**EXERCISE DESCRIPTION**
Beginning at the line containing "Homki - Vente", repeat each line below exactly up to and including the line containing "Tesla owner using". Do not repeat the pictures.

SUPPLIED ENTRIES below:

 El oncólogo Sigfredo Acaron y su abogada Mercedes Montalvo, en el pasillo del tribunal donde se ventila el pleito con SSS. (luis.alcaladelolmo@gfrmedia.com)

End of SUPPLIED ENTRIES.
SUPPLIED ENTRIES below:

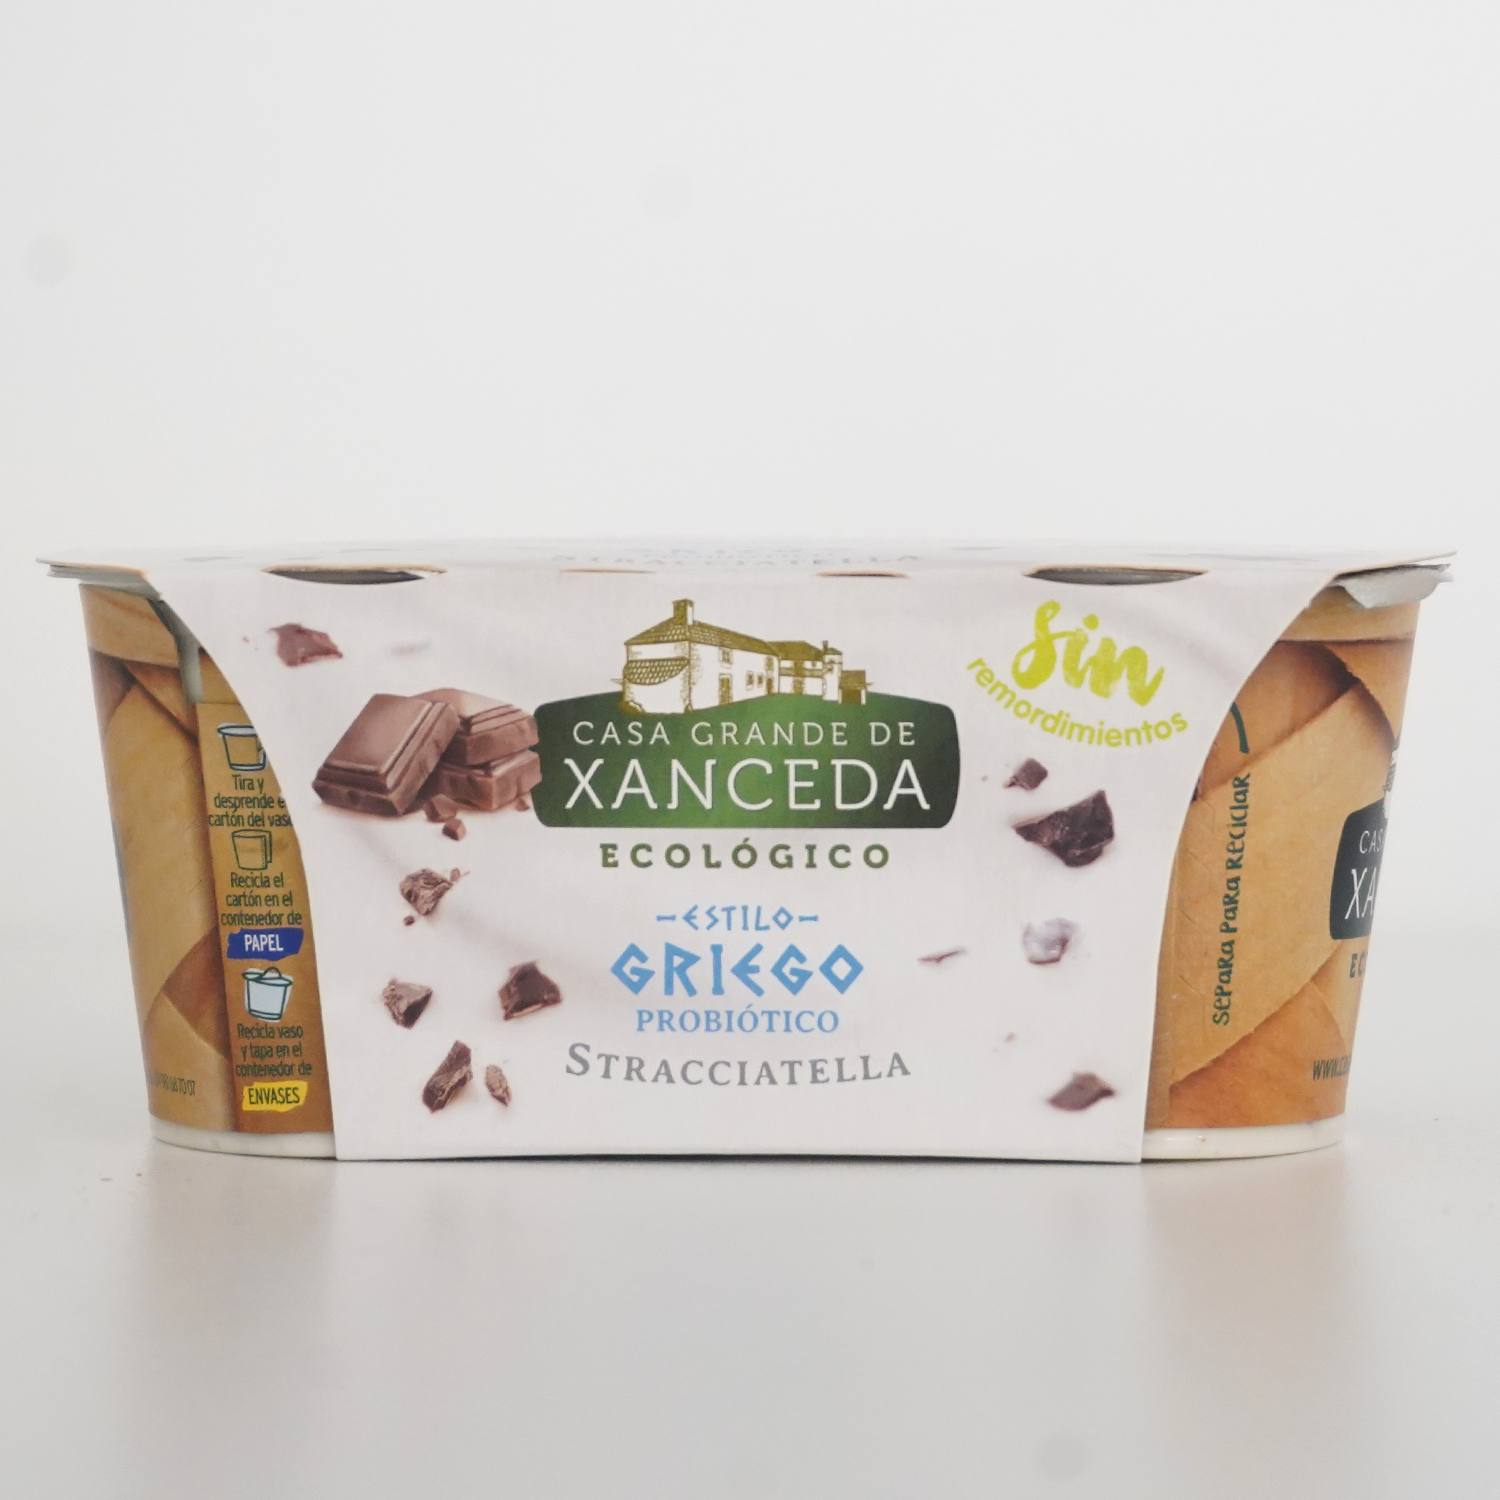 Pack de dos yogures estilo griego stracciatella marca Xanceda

End of SUPPLIED ENTRIES.
SUPPLIED ENTRIES below:

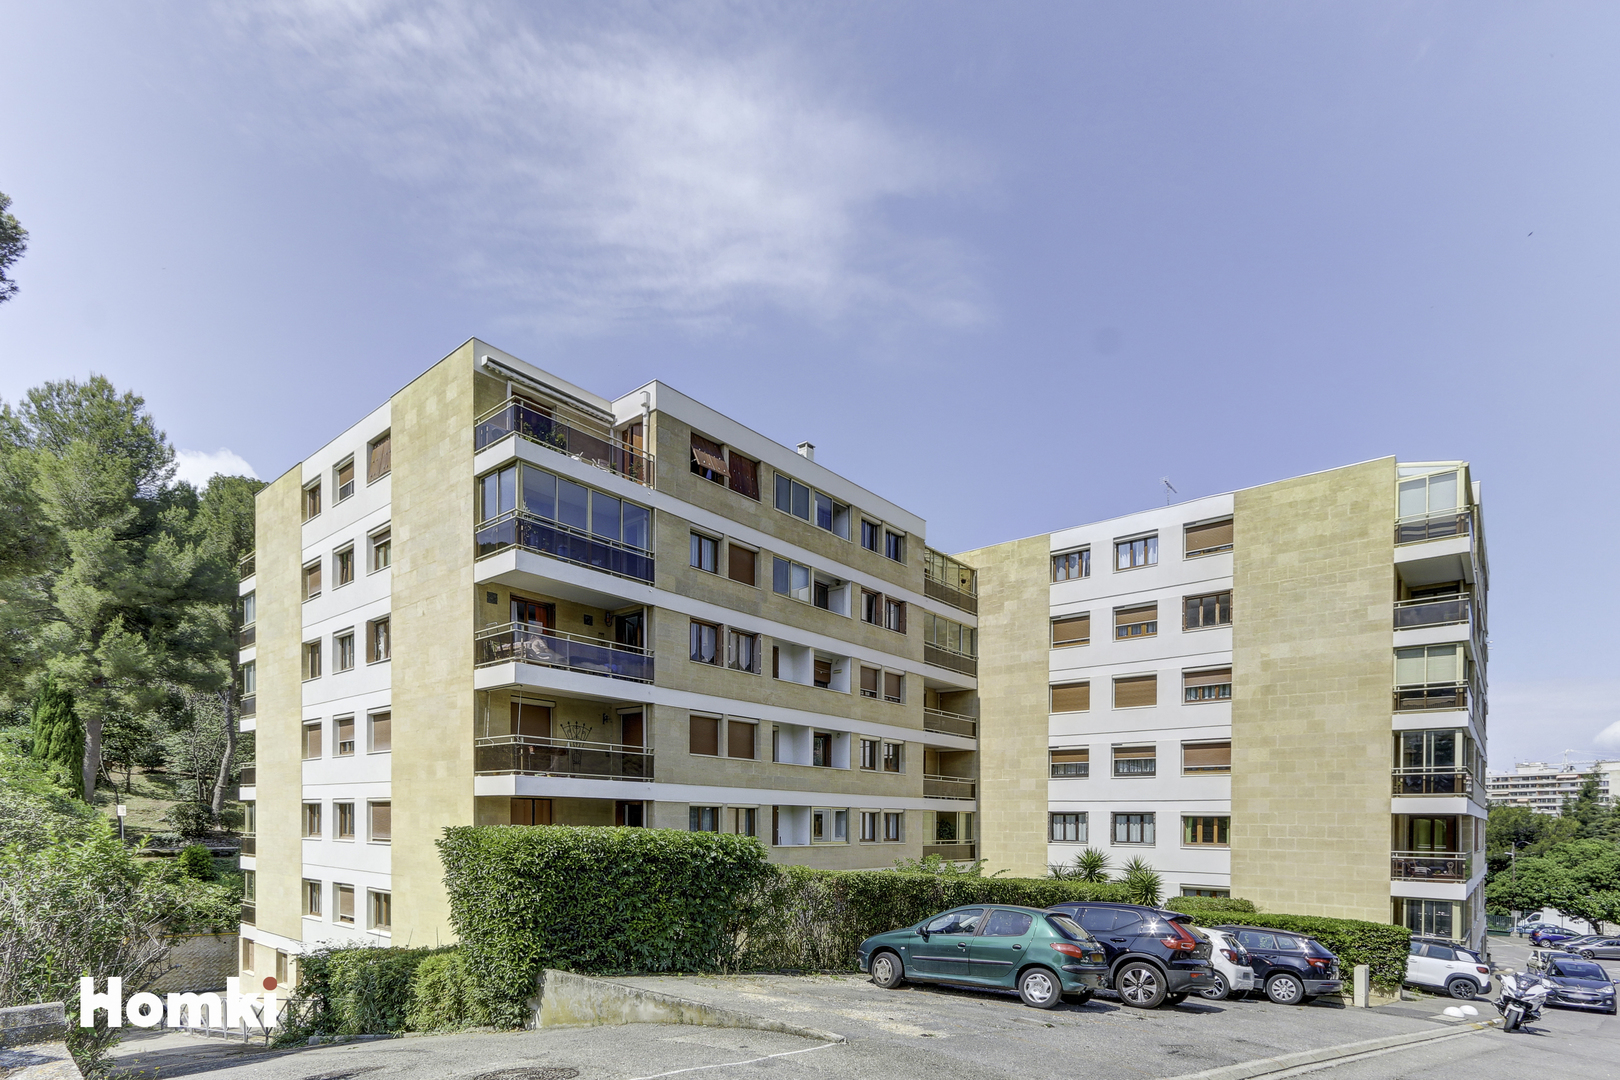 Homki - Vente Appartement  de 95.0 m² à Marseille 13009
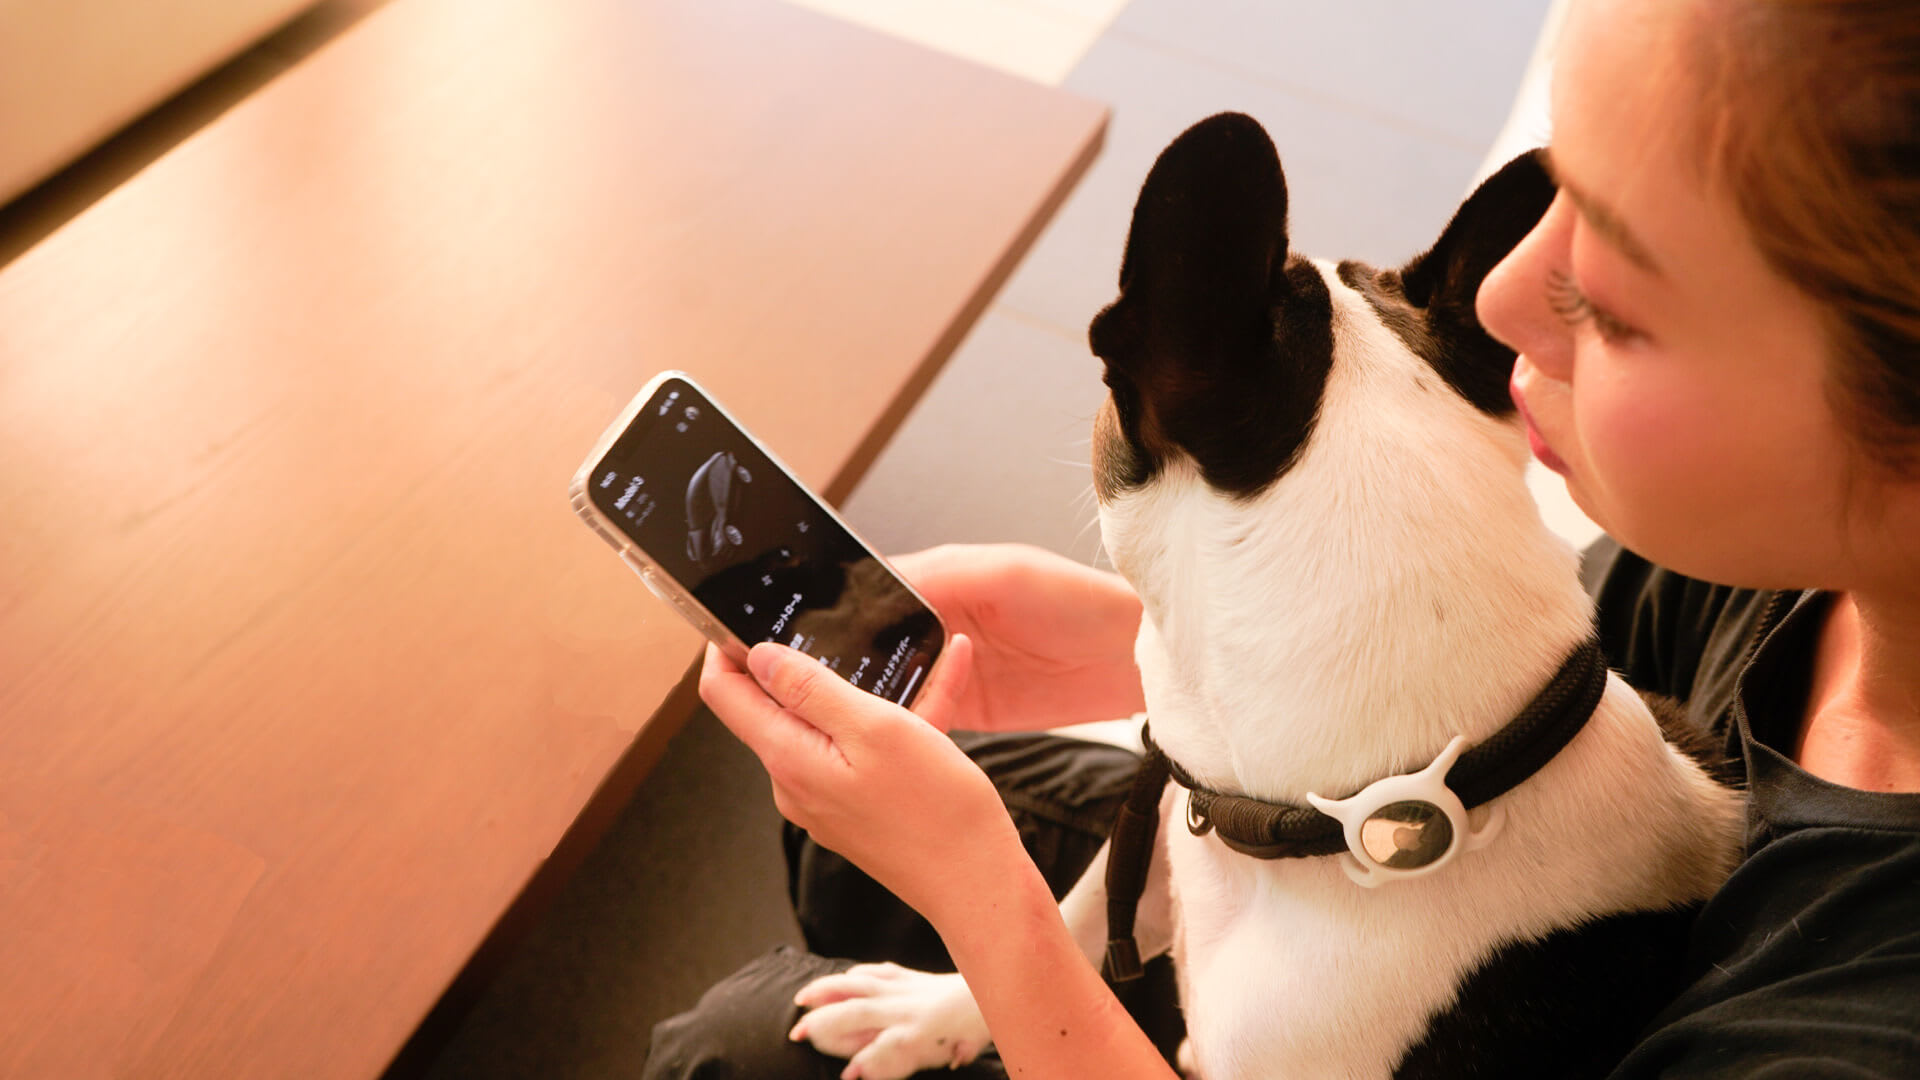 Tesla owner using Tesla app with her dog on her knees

End of SUPPLIED ENTRIES.

**RESPONSE TO THE TASK**
 Homki - Vente Appartement  de 95.0 m² à Marseille 13009
 Tesla owner using Tesla app with her dog on her knees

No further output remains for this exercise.